→ Records for this exercise:
◇ ◇ ◇ ◇

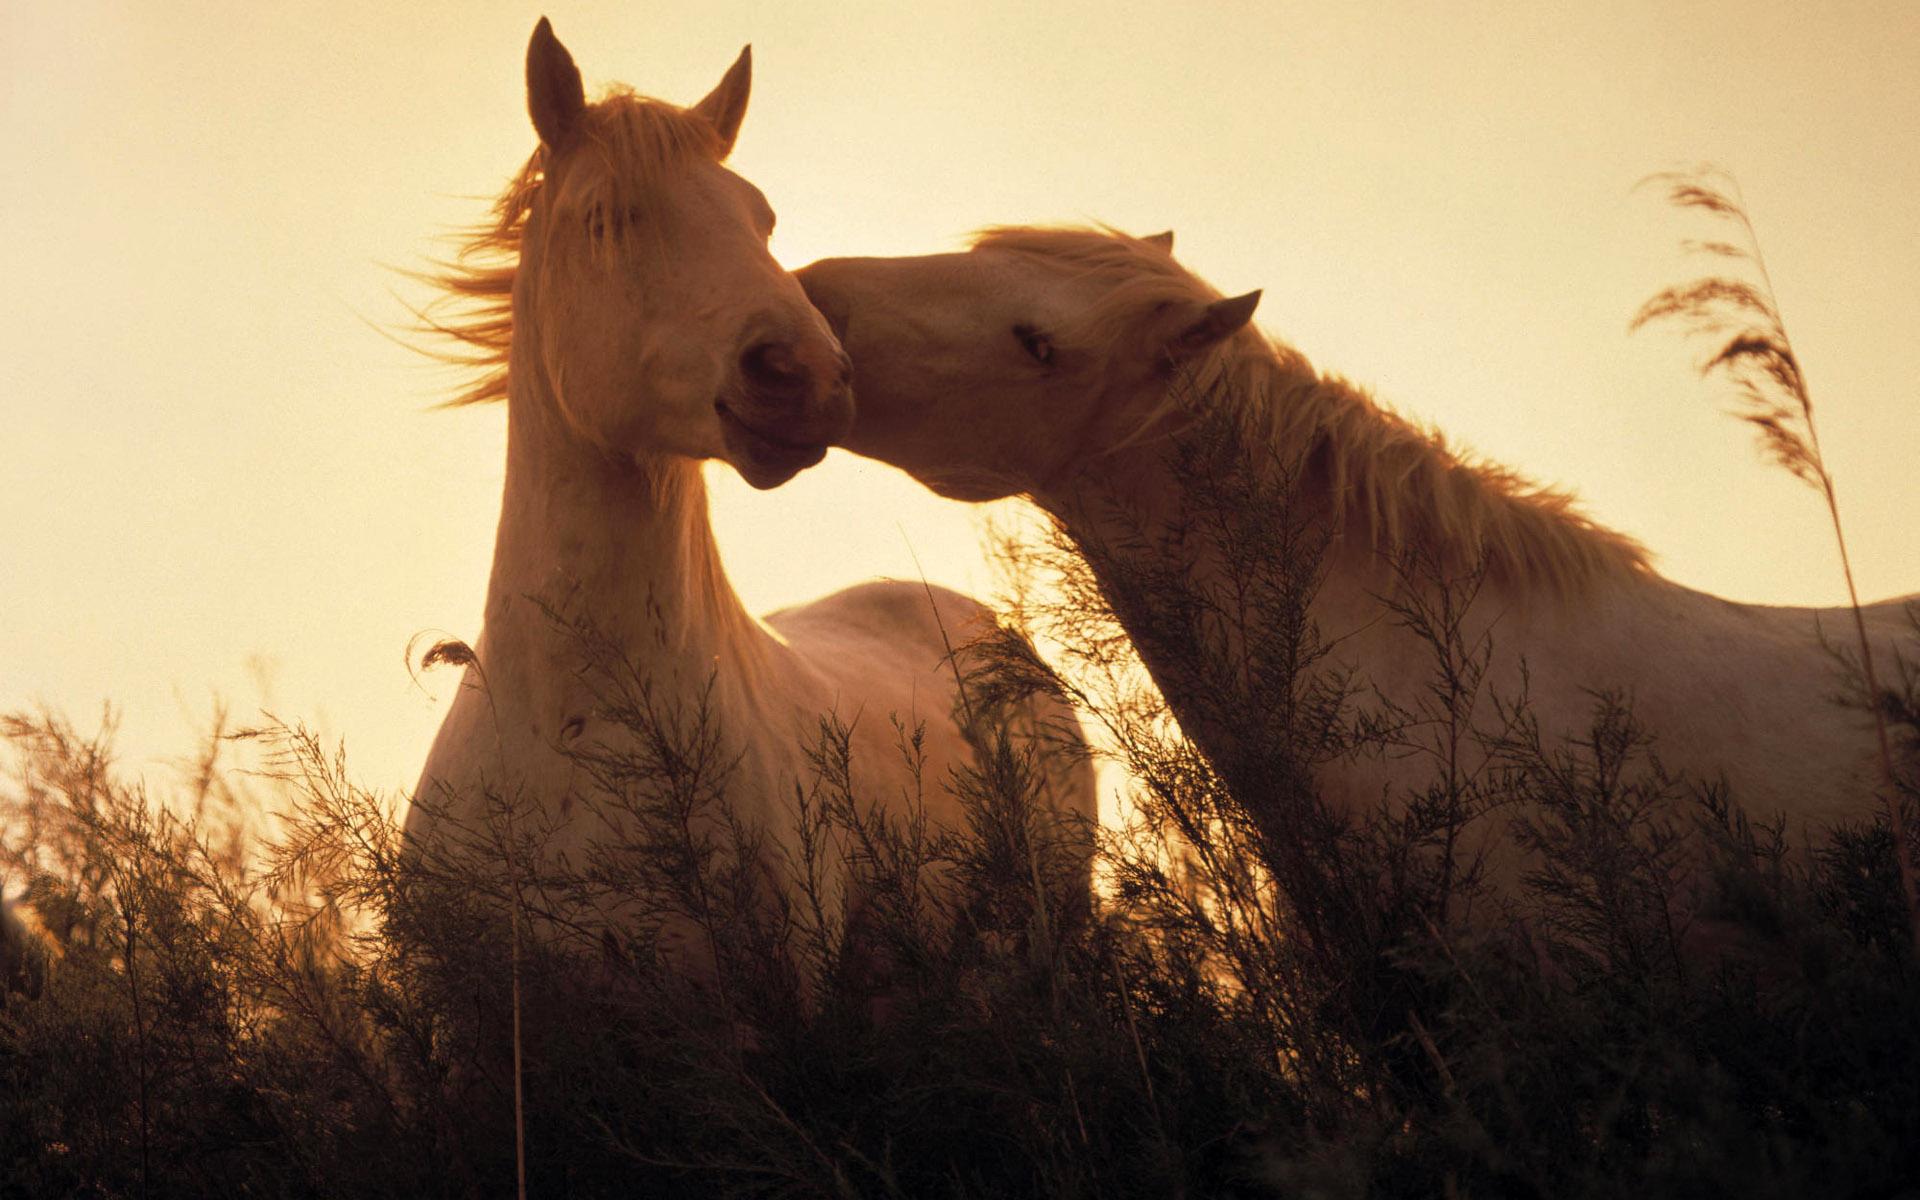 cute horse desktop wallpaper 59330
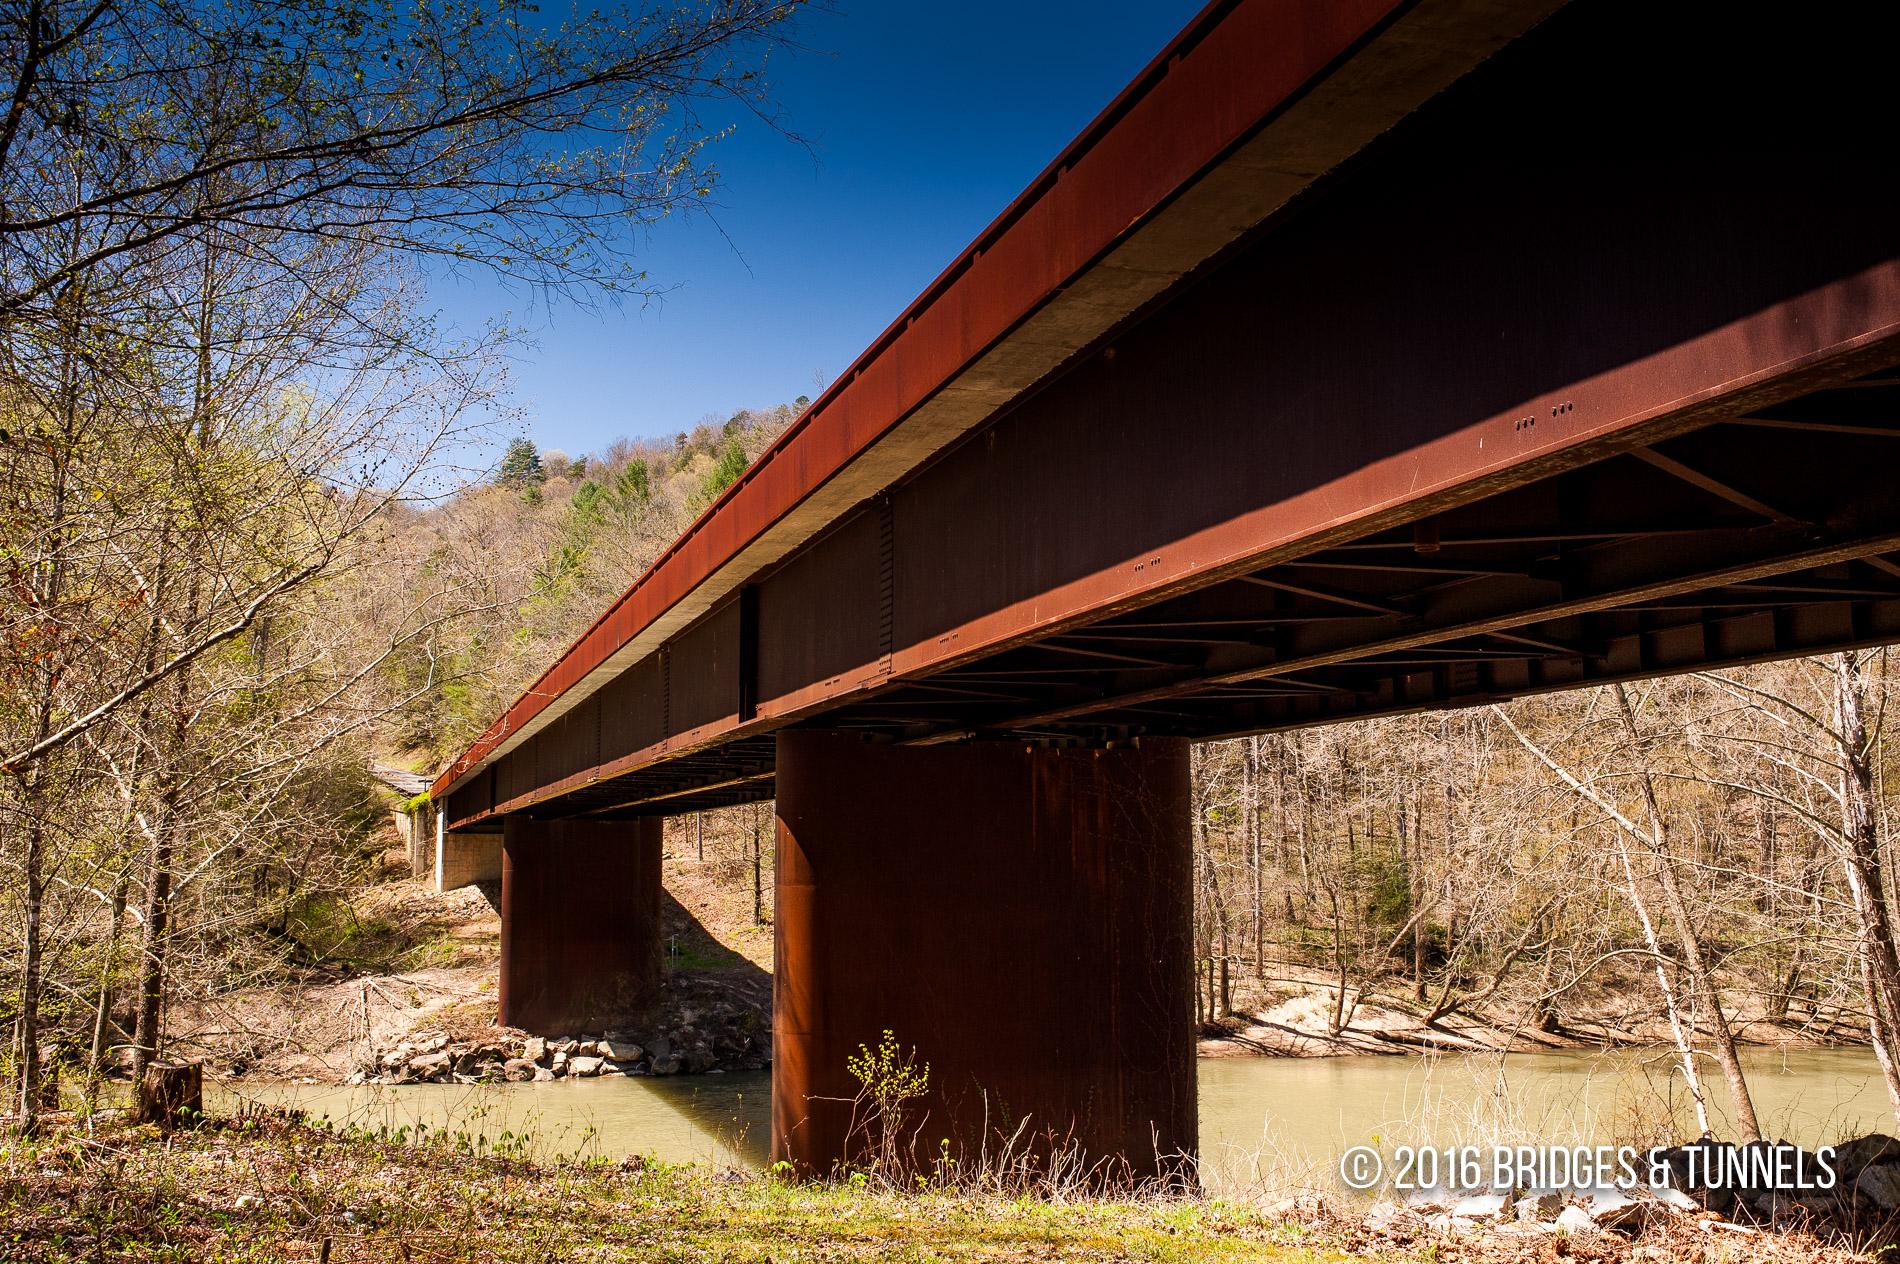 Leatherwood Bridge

◇ ◇ ◇ ◇

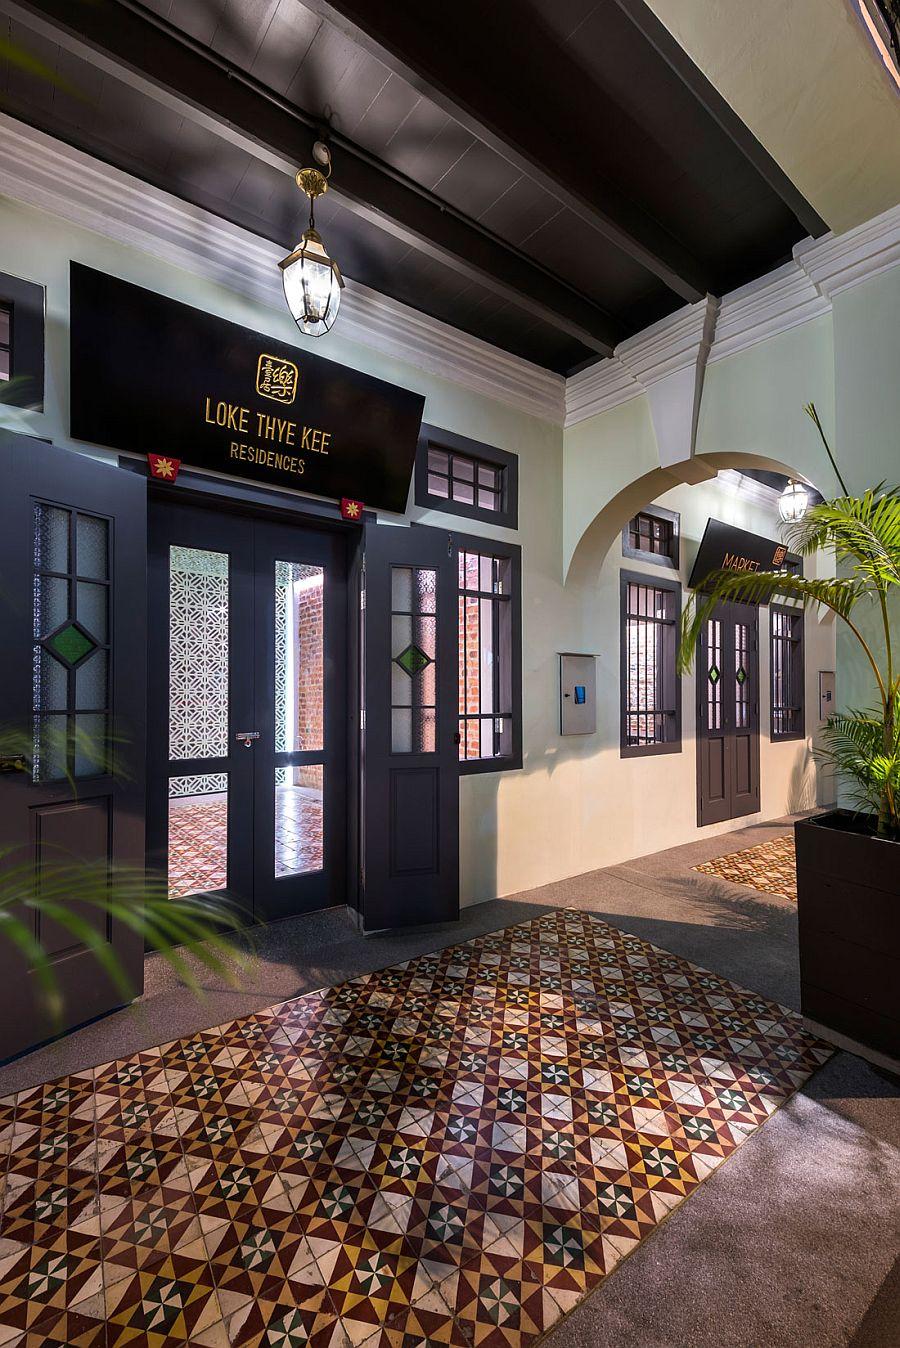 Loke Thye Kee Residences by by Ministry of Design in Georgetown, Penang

◇ ◇ ◇ ◇

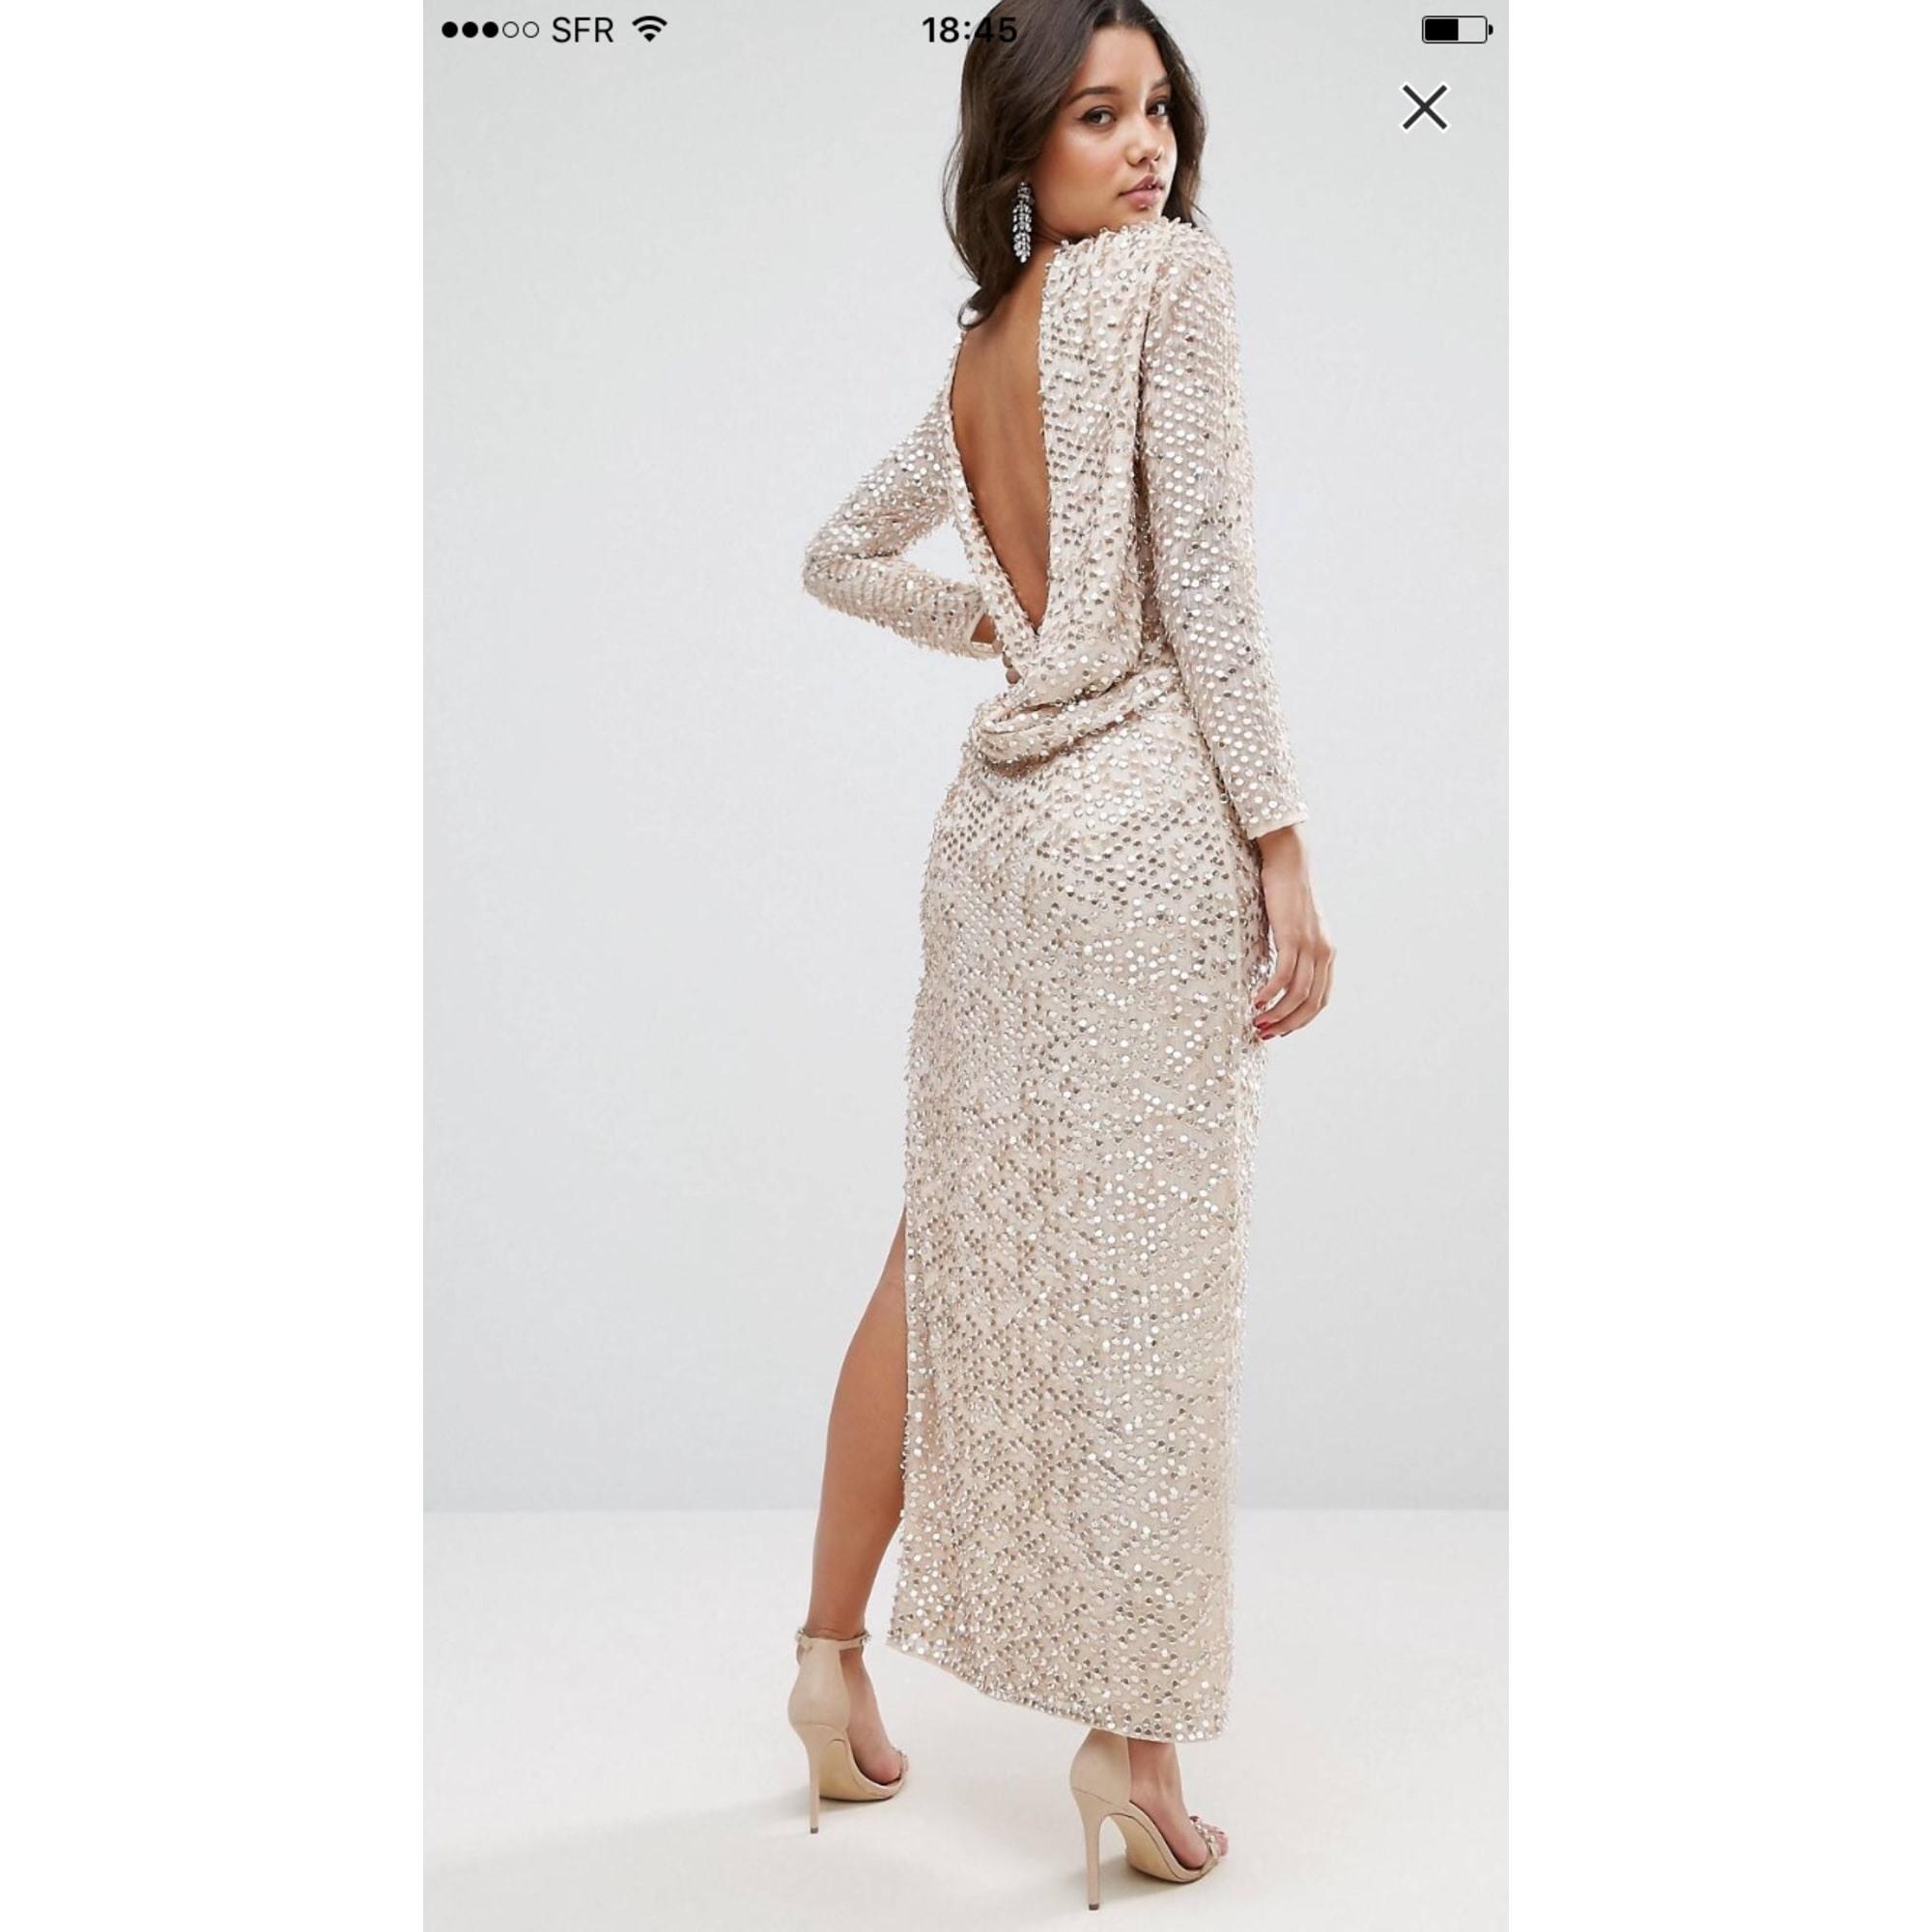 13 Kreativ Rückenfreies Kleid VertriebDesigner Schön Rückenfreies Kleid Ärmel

◇ ◇ ◇ ◇

→ Aim of the task: Range to copy from the listing above: the line with "cute horse desktop wallpaper 59330" through the line with "Leatherwood Bridge". Transcribe it exactly and skip the pictures.

→ Response for this exercise:
 cute horse desktop wallpaper 59330
 Leatherwood Bridge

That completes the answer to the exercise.